Parameter estimation of gravitational wave echoes from exotic compact objects

TL;DR

This paper investigates how current and future gravitational wave detectors can accurately estimate parameters of echoes from exotic compact objects, aiding in understanding horizonless geometries and strong-field gravity.

Contribution

It analyzes phenomenological templates for gravitational wave echoes and assesses the parameter estimation capabilities of interferometers with increasing model accuracy.

Findings

Current detectors can extract echo parameters with good accuracy.

Multiple interferometers can measure frequencies and damping factors at percent-level precision.

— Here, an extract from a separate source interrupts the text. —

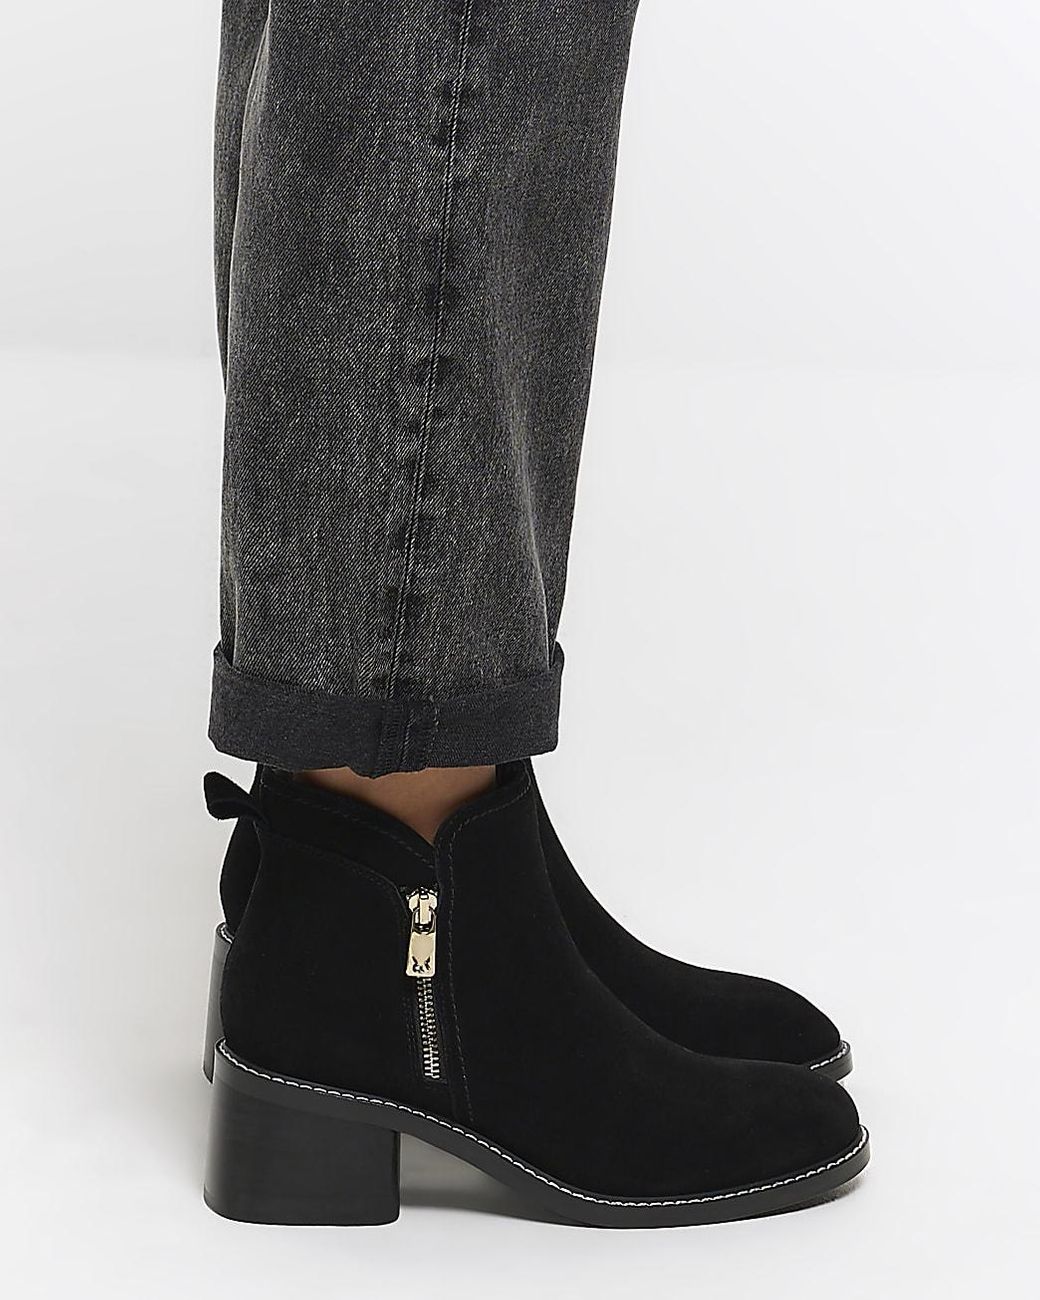 River Island Black Suede Heeled Ankle Boots

Certain echo features are most detectable with optimized configurations.

Abstract

Relativistic ultracompact objects without an event horizon may be able to form in nature and merge as binary systems, mimicking the coalescence of ordinary black holes. The postmerger phase of such processes presents characteristic signatures, which appear as repeated pulses within the emitted gravitational waveform, i.e., echoes with variable amplitudes and frequencies. Future detections of these signals can shed new light on the existence of horizonless geometries, and provide new information on the nature of gravity in a genuine strong-field regime. In this work we analyze phenomenological templates used to characterize echolike structures produced by exotic compact objects, and we investigate for the first time the ability of current and future interferometers to constrain their parameters. Using different models with an increasing level of accuracy, we determine the features that can be measured with the largest precision, and we span the parameter space to find the most favorable configurations to be detected. Our analysis shows that current detectors may already be able to extract all the parameters of the echoes with good accuracy, and that multiple interferometers can measure frequencies and damping factors of the signals at the level of percent.